In the CKD clinical groups, the utilization rate of guideline‐recommended therapy showed a similar increasing trend in both cohorts (Figure 1B), with greater utilization in those with CKD versus without CKD. The utilization rate of SGLT2is and GLP‐1 RAs also increased in those without CKD. In the Medicare cohort, the utilization rates were lower overall but similar patterns were observed, with numerically small but significant differences between those with CKD versus without CKD (Figure 1B).

HF groups

In the HF clinical groups, the utilization rates of the guideline‐recommended therapies increased over time in both cohorts (Figure 1C). However, in both cohorts, the utilization rate of SGLT2is or GLP‐1 RAs was paradoxically lower in those with HF versus without HF observed from 2015 to 2017 in the Commercial cohort and for all the years evaluated in the Medicare cohort (Figure 1C).

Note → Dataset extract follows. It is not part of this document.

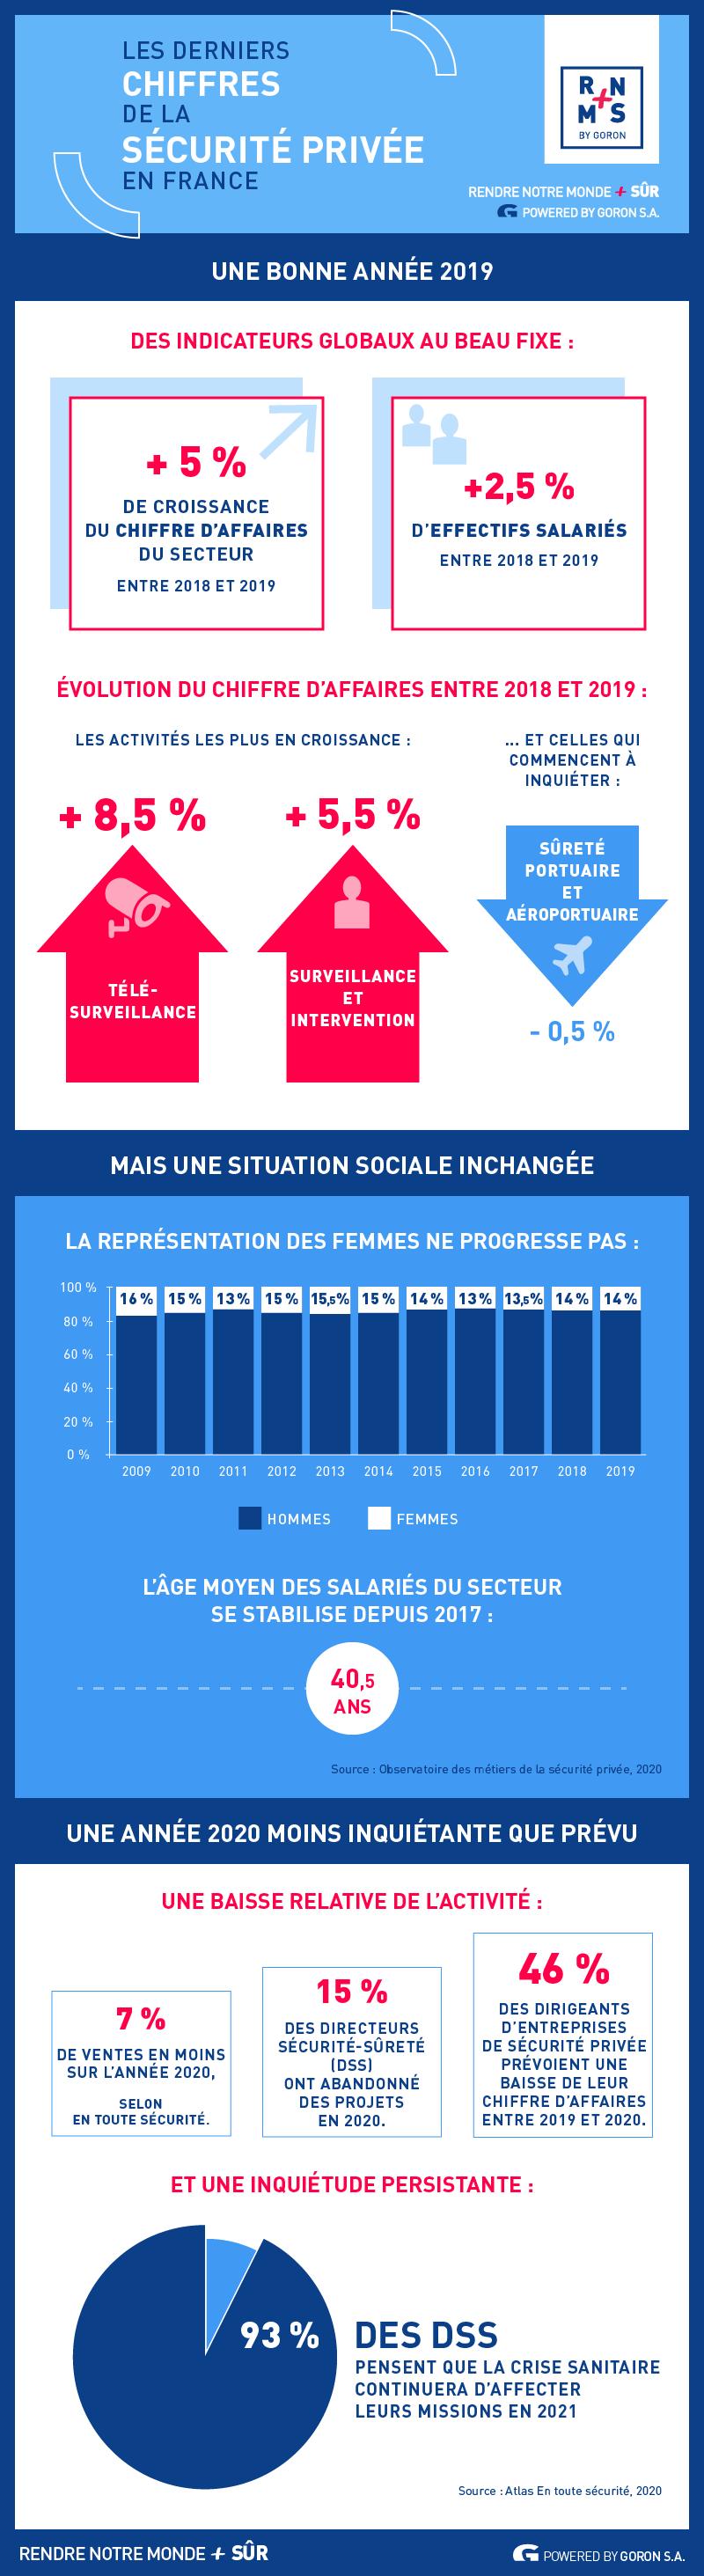 Infographie des chiffres 2021 de la sécurité privée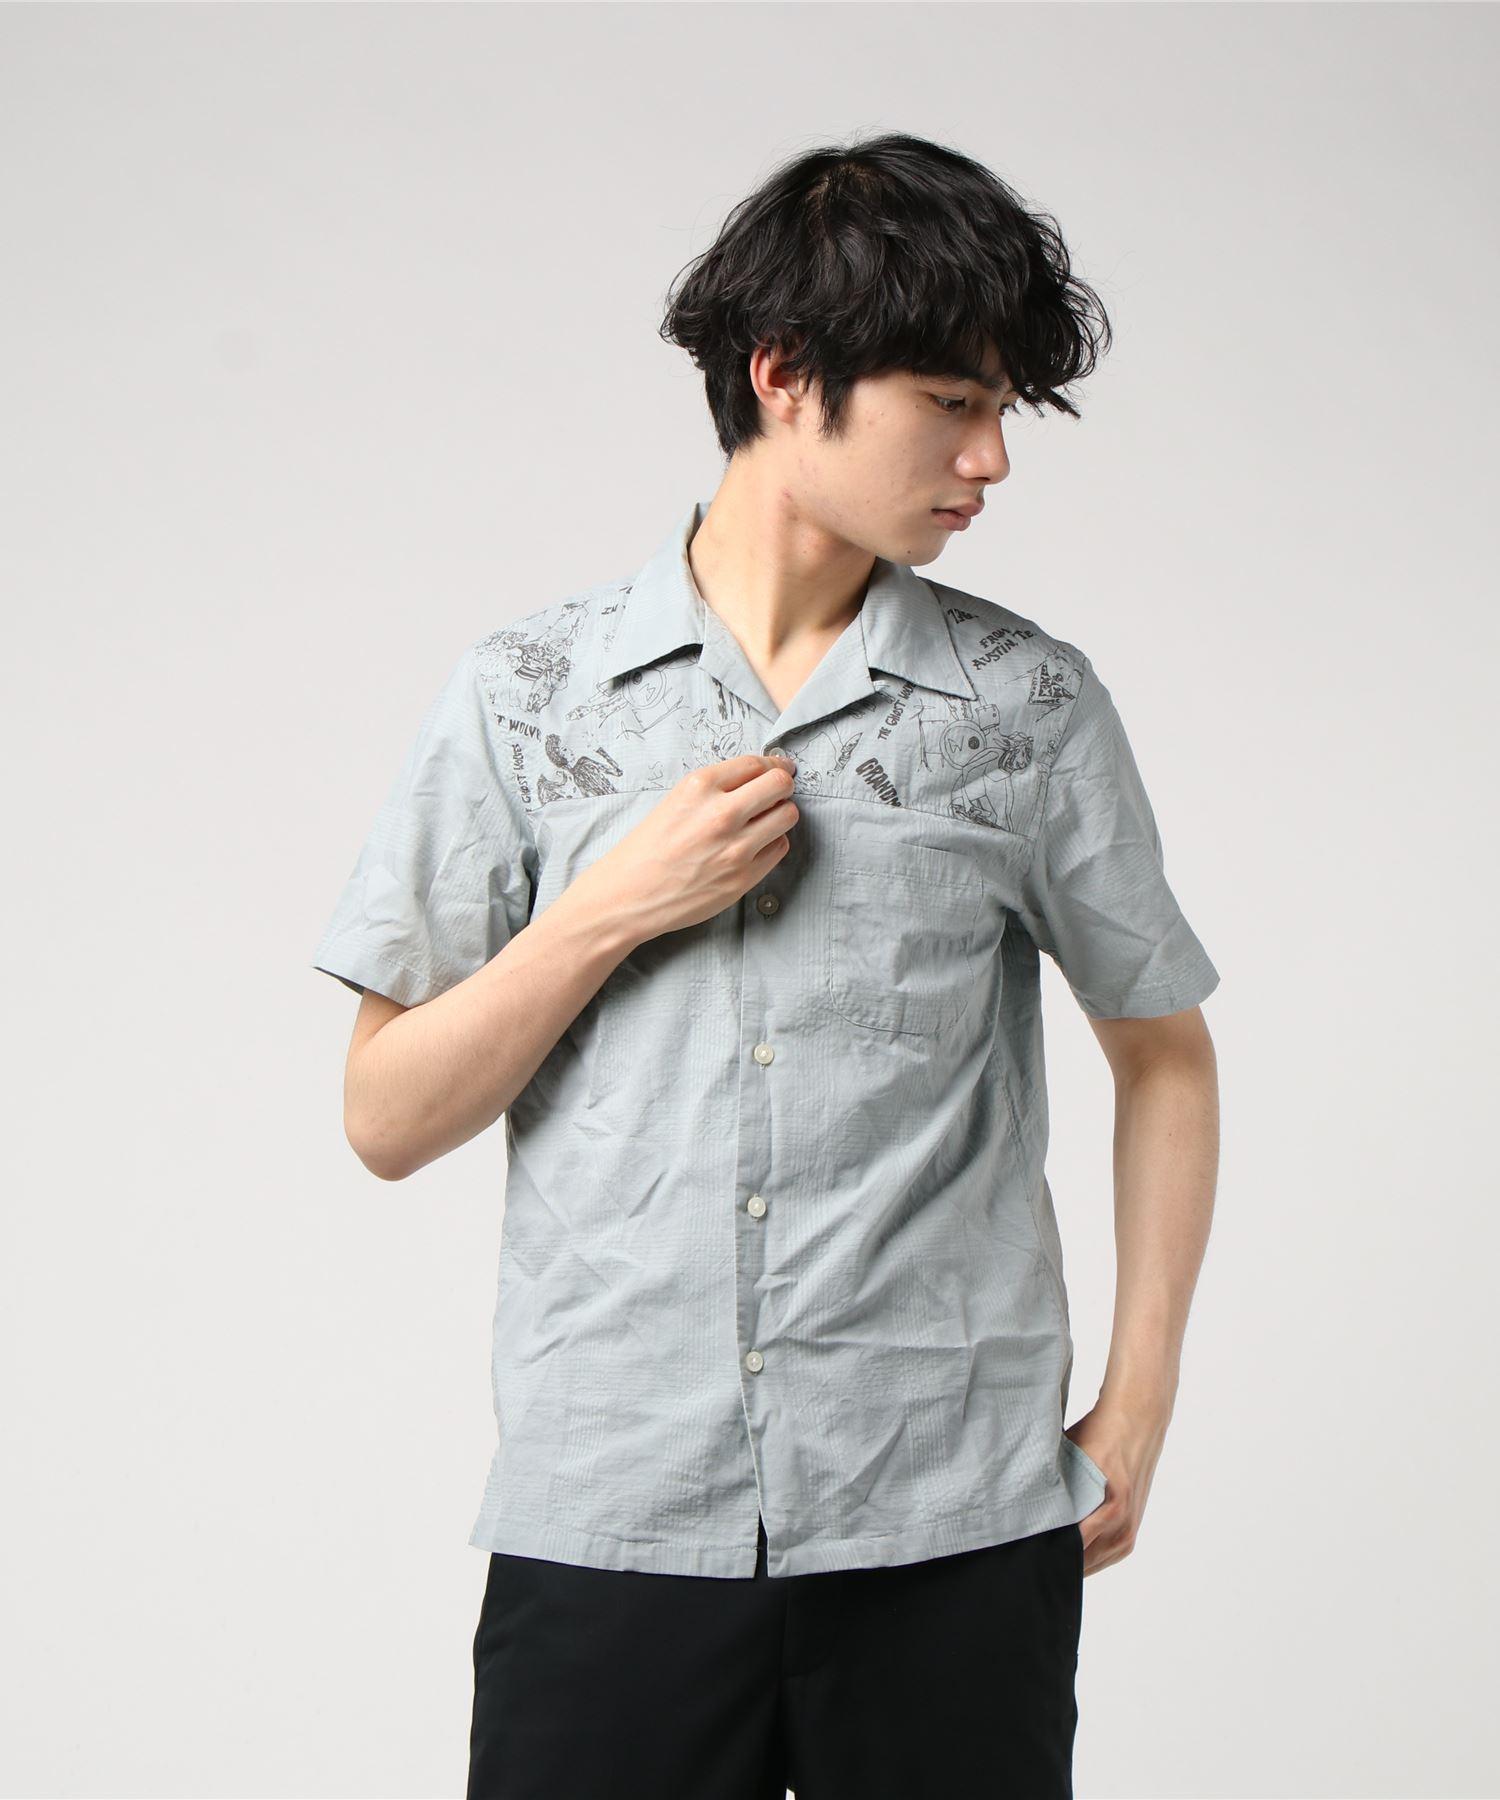 THE GHOST WOLVES/POLAR POWER pt 半袖オープンカラーシャツ

The overall utilization of SGLT2is or GLP‐1 RAs was lower in the Medicare cohort.

Obesity groups

For the obesity clinical groups, both cohorts had an overall notable increase in utilization of guideline‐recommended therapies (Figure 1D). Large numerical differences were seen in utilization rates between those with and without obesity in both cohorts, favouring those with obesity. In the Medicare cohort, the overall utilization rates were lower. In both cohorts, the utilization of SGLT2is or GLP‐1 RAs increased over time in those without a diagnosis of obesity (Figure 1D).

Hypoglycaemia groups

In the Commercial cohort, the utilization rate of guideline‐recommended therapy among patients with a hypoglycaemia history increased from 2015 to 2019 (Figure 2A). However, similar utilization rates, and utilization trends, were also observed in those without a hypoglycaemia history. In the Medicare cohort, hypoglycaemia was paradoxically associated with a lower utilization of recommended therapies in patients with a hypoglycaemia history from 2015 to 2017 (Figure 2B). We further investigated what proportion of patients used an SU as the only diabetes treatment in the hypoglycaemia group and compared this with patients without a hypoglycaemia history. Although SU use decreased over time in both cohorts, still approximately one in 10 in the Commercial cohort and one in six in the Medicare cohort continued to receive SUs as the only diabetes treatment, which was not different from the control group (Figure 2A,B).

DISCUSSION

Increasing the adoption of newer medications for the treatment of T2D, particularly SGLT2i and GLP‐1 RA class agents, has been described. , The current report applied historical data to extract diagnostic group information, allowing evaluation of utilization rates in relation to ADA/EASD‐defined clinical groups. As previously reported, increasing utilization of agents was observed in these classes, particularly for those with underlying diagnoses of obesity, ASCVD, and CKD. However, these salutary trends in utilization rates were also seen in those without diagnoses, perhaps diluting the notion that treatment choices were based upon these diagnostic groups. Further, the utilization rates of SGLT2is or GLP‐1 RAs were paradoxically lower among those with HF compared with those without HF in both cohorts, with some reversal in 2018 and 2019 in the Commercial cohort. Among those with a history of hospitalization or emergency room visits for hypoglycaemia, no preferential utilization of these agents was evident, and the utilization of SUs persisted without difference according to this diagnosis.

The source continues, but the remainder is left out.